А дальше он сказал: «Я писал под всех (тут тоже общее с Булатом) – есть стихи, написанные под Блока, под Надсона даже, но под Маяковского я никогда не писал, хотя Маяковский, сколько я себя помню, был знаменем моей поэзии. А когда подражают Маяковскому, это похоже на ветчину в витрине, нарисованную ветчину: ветчина больше, чем настоящая, но кушать ее нельзя».
Этих двух людей, Булата Окуджаву и Михаила Светлова, объединяло еще одно примечательное качество: на их вечерах люди в зале на глазах становились лучше, добрее, красивее.
На одном из вечеров Булата Володин[8] так сказал, обращаясь к залу: «Какие у вас сейчас красивые лица, постарайтесь подольше их такими сохранить!» (цитирую по памяти).
В 64-м году я уже работал в Бюро пропаганды Союза писателей, создавал там фонотеку.

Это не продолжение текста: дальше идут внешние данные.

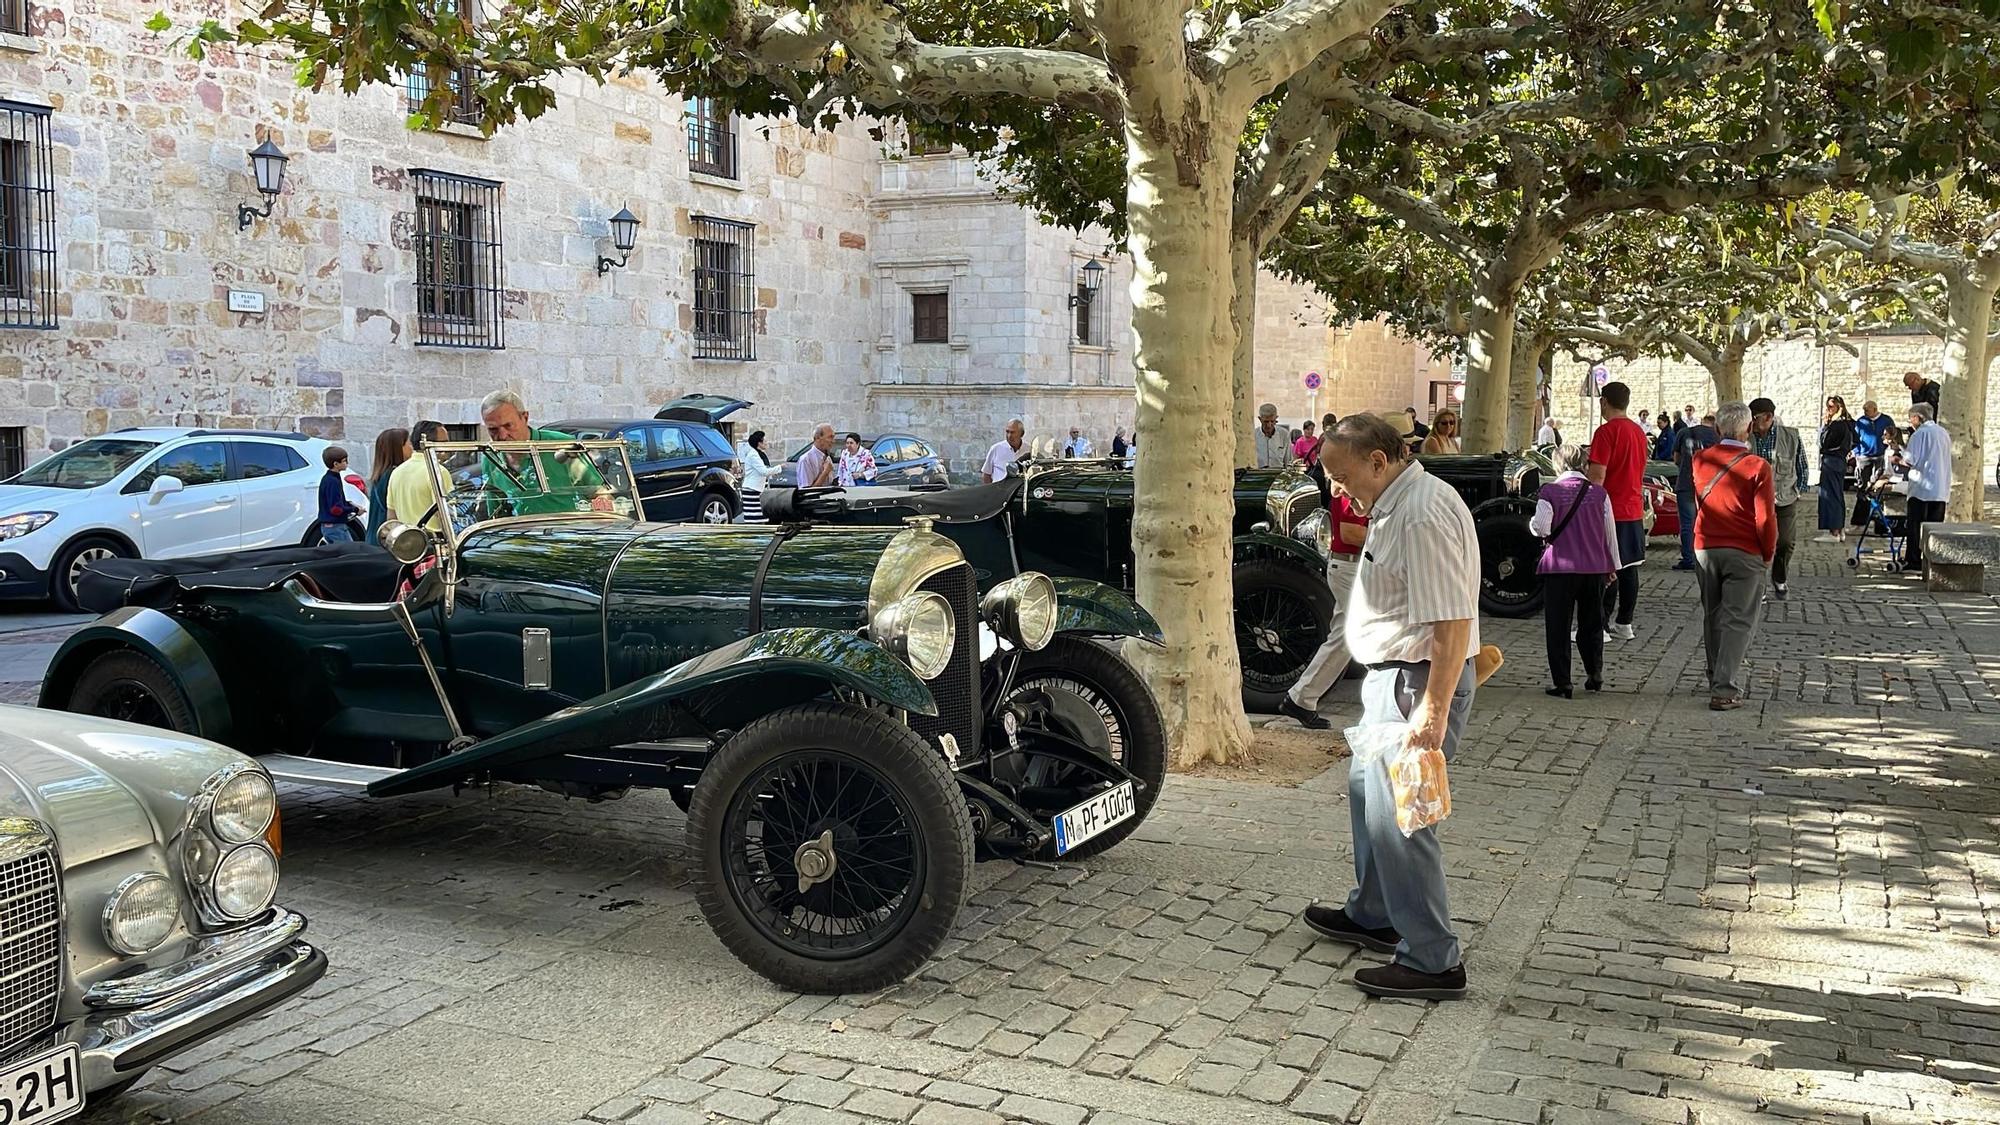 GALERÍA | Zamora, convertida en un expositor de coches antiguos extranjeros

Это оказалось необычайно интересным – я записывал моих любимых поэтов, Самойлова, например. Он читал очень ярко – молодо, задорно…
Записывал вечера в Доме литераторов, в Политехническом, в Библиотеке имени Ленина. Масса вечеров проходила не только в Москве, но и в Ленинграде. Когда в мае 65-го года я ездил туда на вечер журнала «Москва», то записал в Комарове Ахматову.

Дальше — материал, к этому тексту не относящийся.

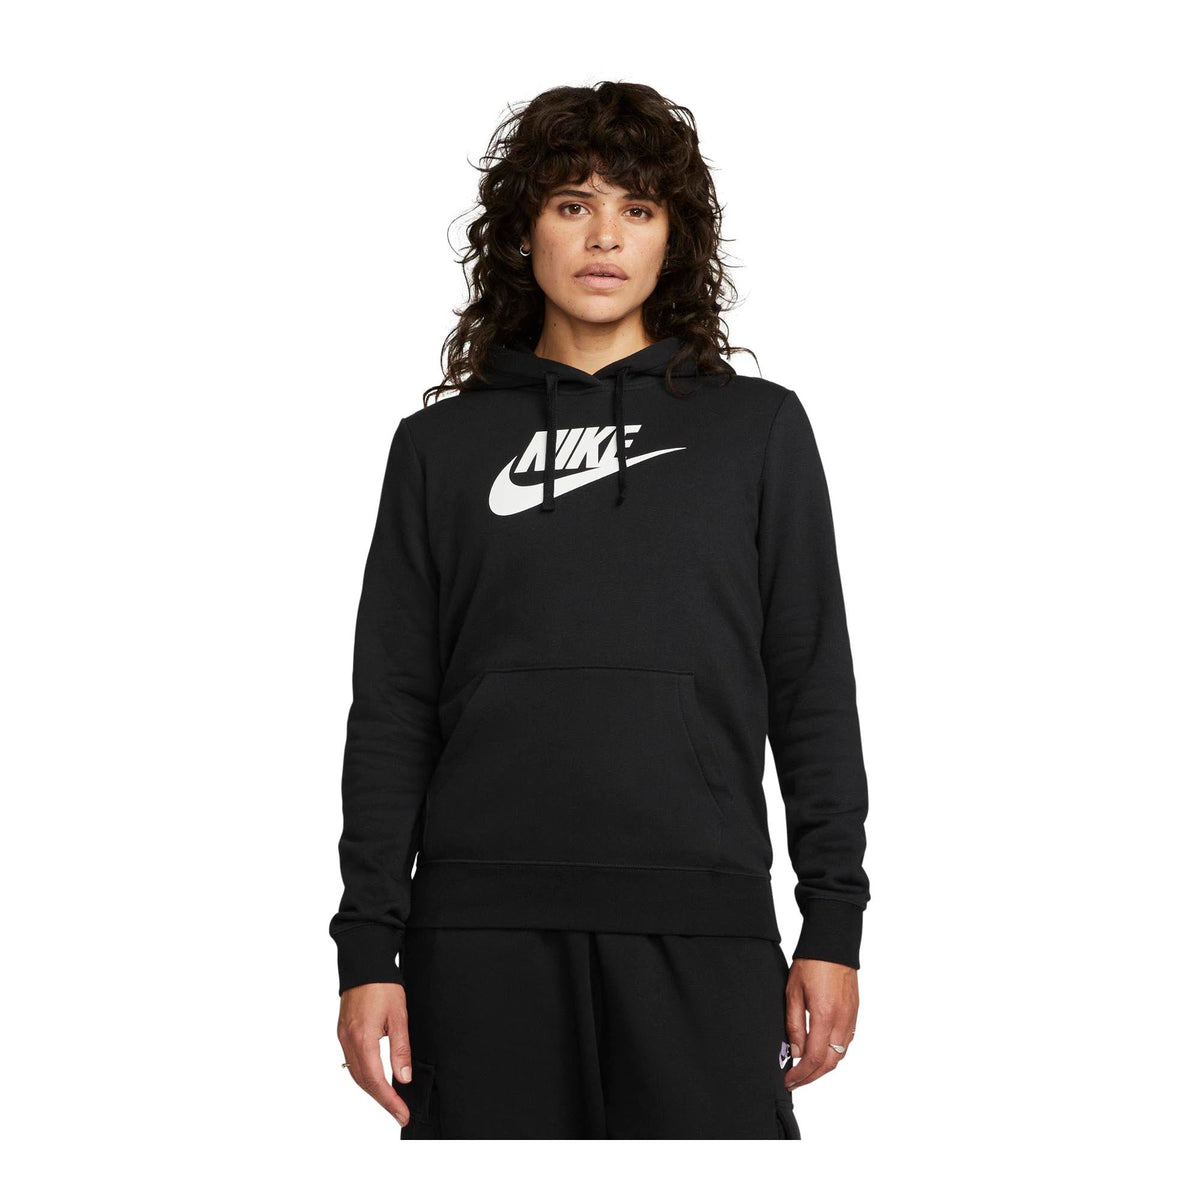 Nike, Sportswear Club Womens T Shirt

Досадно, что в то время, когда я уже там работал, в ЦДЛ прошел один интересный вечер, на котором я не был: может быть, единственный, где вместе выступали Булат Окуджава и Новелла Матвеева.
Иногда возникали некоторые шероховатости, как, например, в Иванове.
Поездка в Иваново состоялась поздней осенью, было уже холодновато, ноябрь, наверное. И поездка эта была не самая парадная.
Ехало человек пятнадцать под предводительством Бровмана – известный критик, он возглавлял эту делегацию. Ехал и Ляшкевич, наш начальник Бюро пропаганды.
Там, в Иванове, разбили, как обычно, нашу большую группу на несколько, и поехали кто куда по два-три человека выступать перед трудящимися.
Я был в Гусь-Хрустальном и видел, как выдувают стекло: это каторжная работа, горячий цех, очень тяжелый труд. Может быть, иначе и нельзя? Нам дарили какие-то изделия из стекла, и я привез оттуда отходы, очень красивые куски стекла.
Потом были мы на текстильных комбинатах, нам показывали достижения ивановских ткачих.
И – огромный вечер в театре.
Булата спросили о том, как он относится к Солженицыну. Булат ответил кратко, но положительно, что было тогда не принято. Я не помню, в связи с чем был этот вопрос и что тогда обсуждалось. Какой-то шепоток, ропоток по залу пробежал – но ничего страшного, съели.
Когда был прием, тут же, за кулисы, пришло какое-то городское начальство, и секретарь горкома очень почтительно с Булатом поздоровался, продемонстрировав свою личную приязнь.
Но гораздо существеннее то, что Булат пел, когда мы ехали туда.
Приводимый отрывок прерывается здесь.